• Given information:
'''
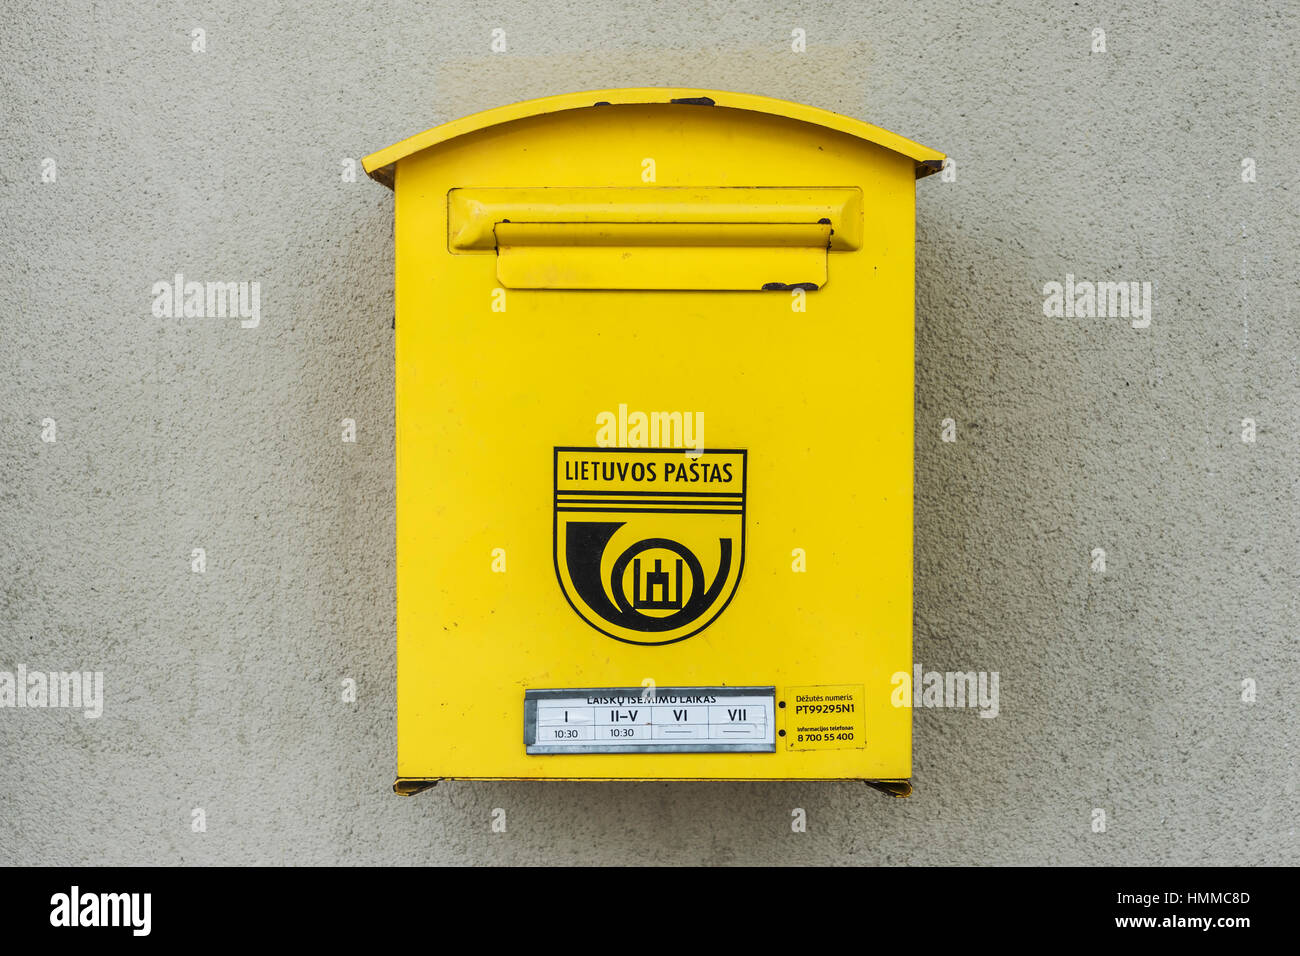 Detailansicht eines litauischen Briefkastens, Litauen, Baltikum, Europa | Dettaglio foto di una cassetta postale lituano, Lituania, paesi baltici, Europa Foto Stock
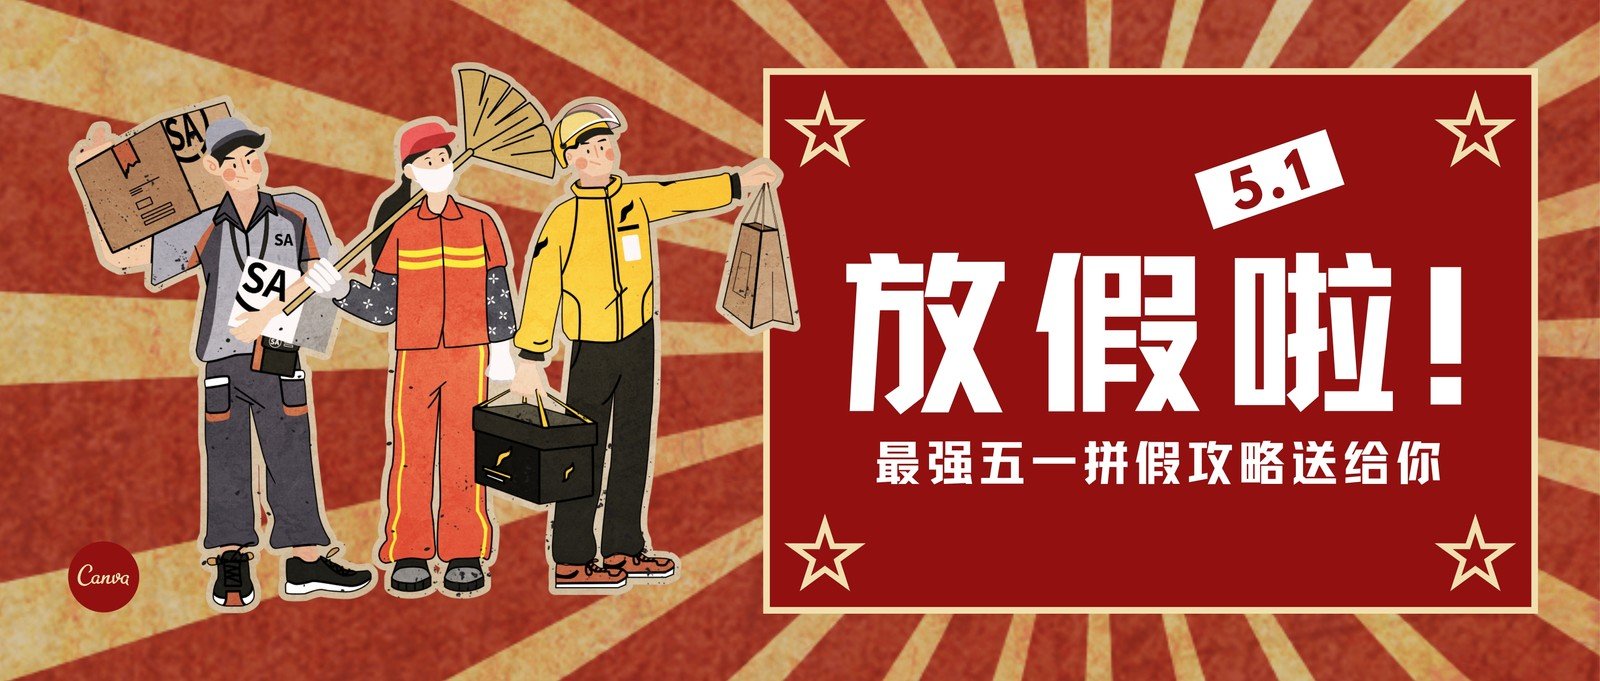 红黄色复古职业人物放射背景复古劳动节节日宣传中文微信公众号
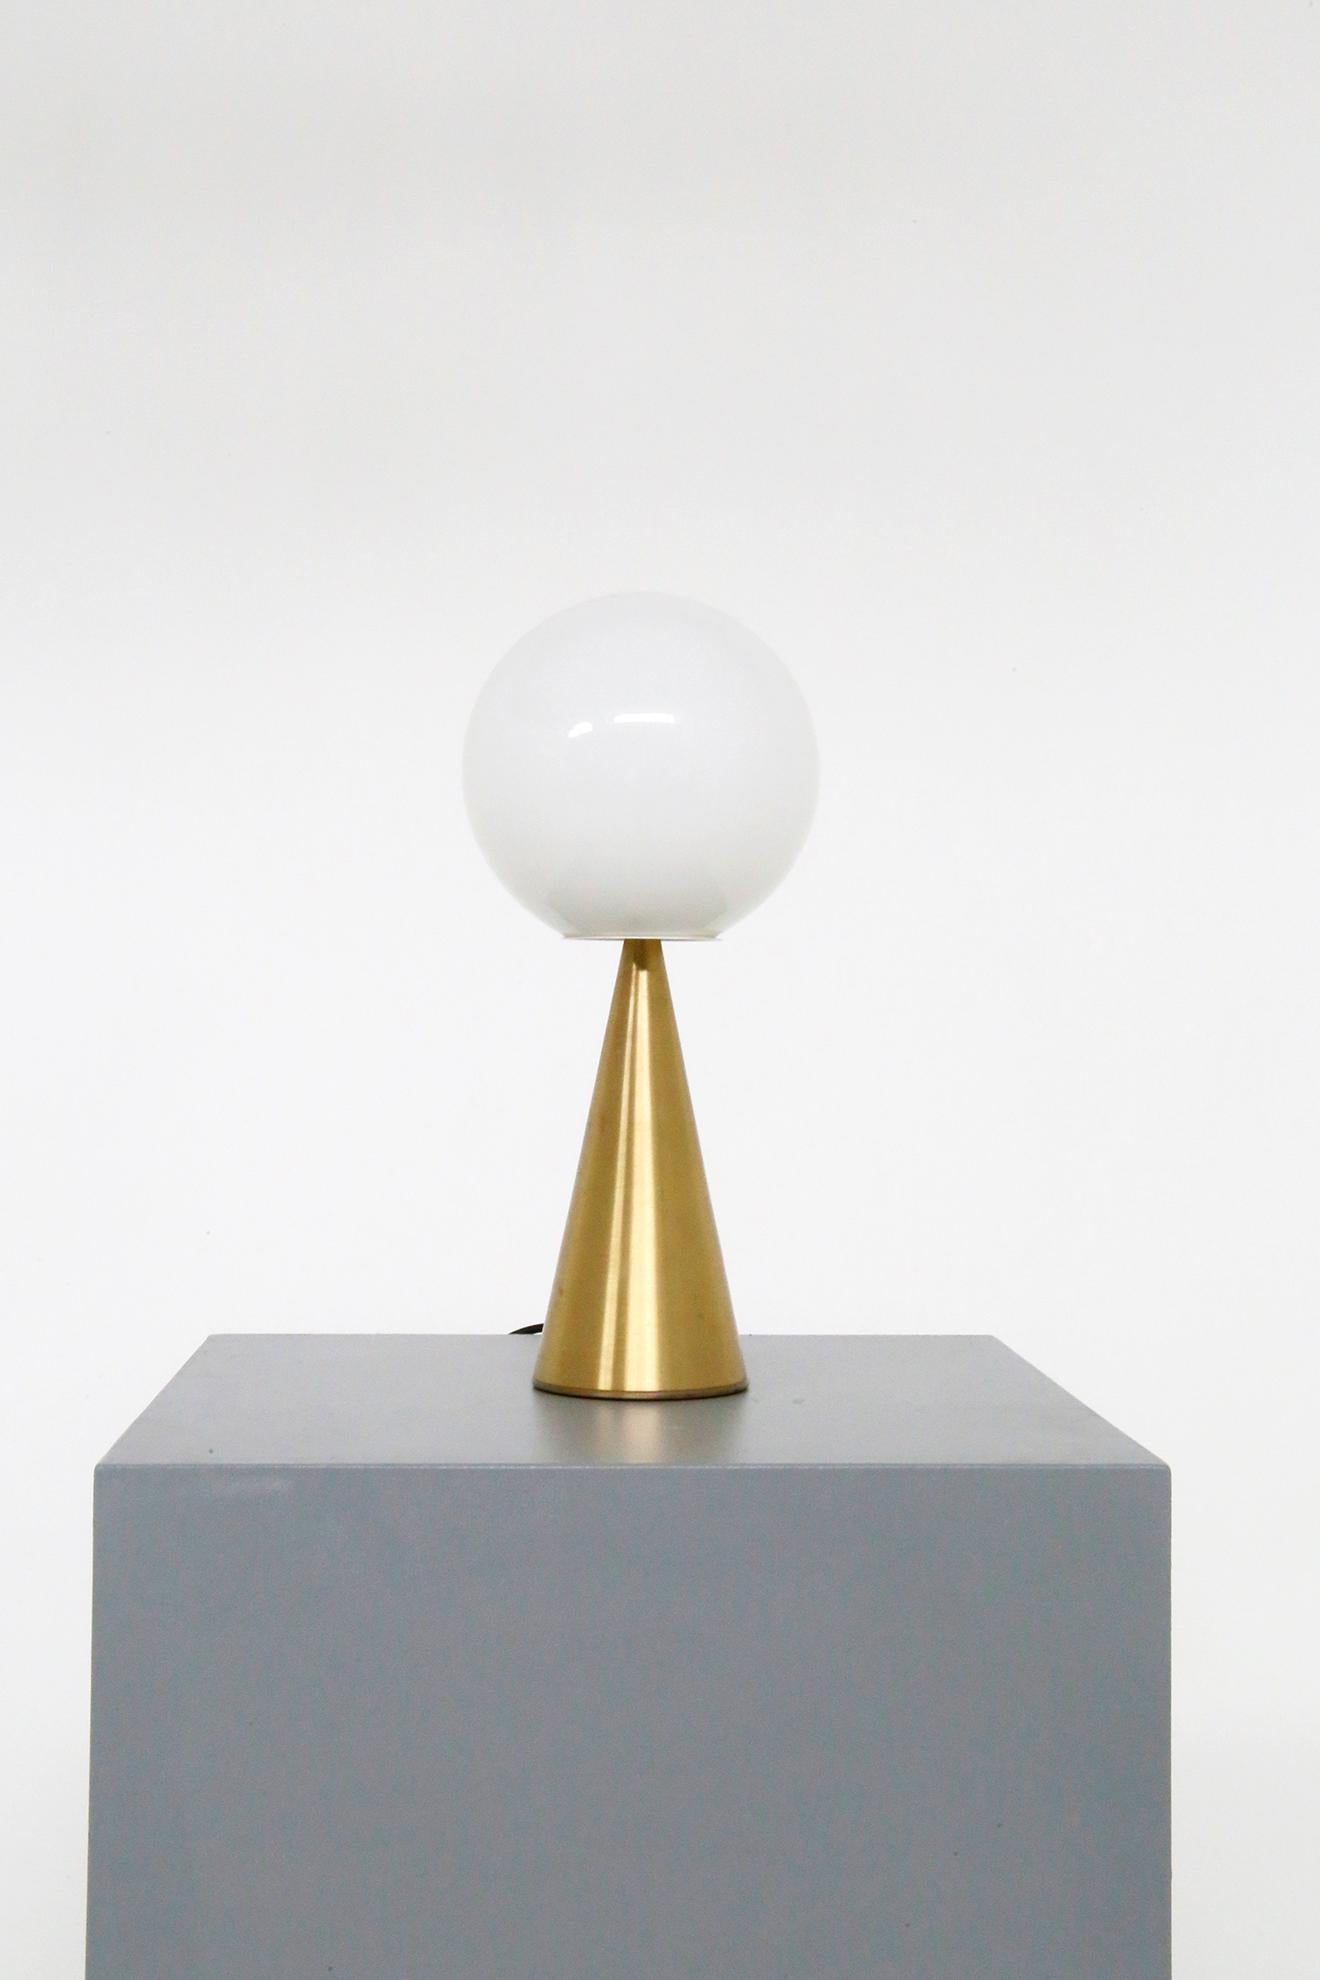 Lampe de table conçue par Gio Ponti pour la manufacture Fontana Arte en 1960. Le modèle représenté est Bilia. Bilia est la lampe de table parfaite aux lignes droites, nettes et bien définies, un modèle qui ne se lasse pas, donc un classique
'''
• Your goal: With the pictures set aside, return each line of the listing exactly as given.

• Task response:
 Detailansicht eines litauischen Briefkastens, Litauen, Baltikum, Europa | Dettaglio foto di una cassetta postale lituano, Lituania, paesi baltici, Europa Foto Stock
 红黄色复古职业人物放射背景复古劳动节节日宣传中文微信公众号
 Lampe de table conçue par Gio Ponti pour la manufacture Fontana Arte en 1960. Le modèle représenté est Bilia. Bilia est la lampe de table parfaite aux lignes droites, nettes et bien définies, un modèle qui ne se lasse pas, donc un classique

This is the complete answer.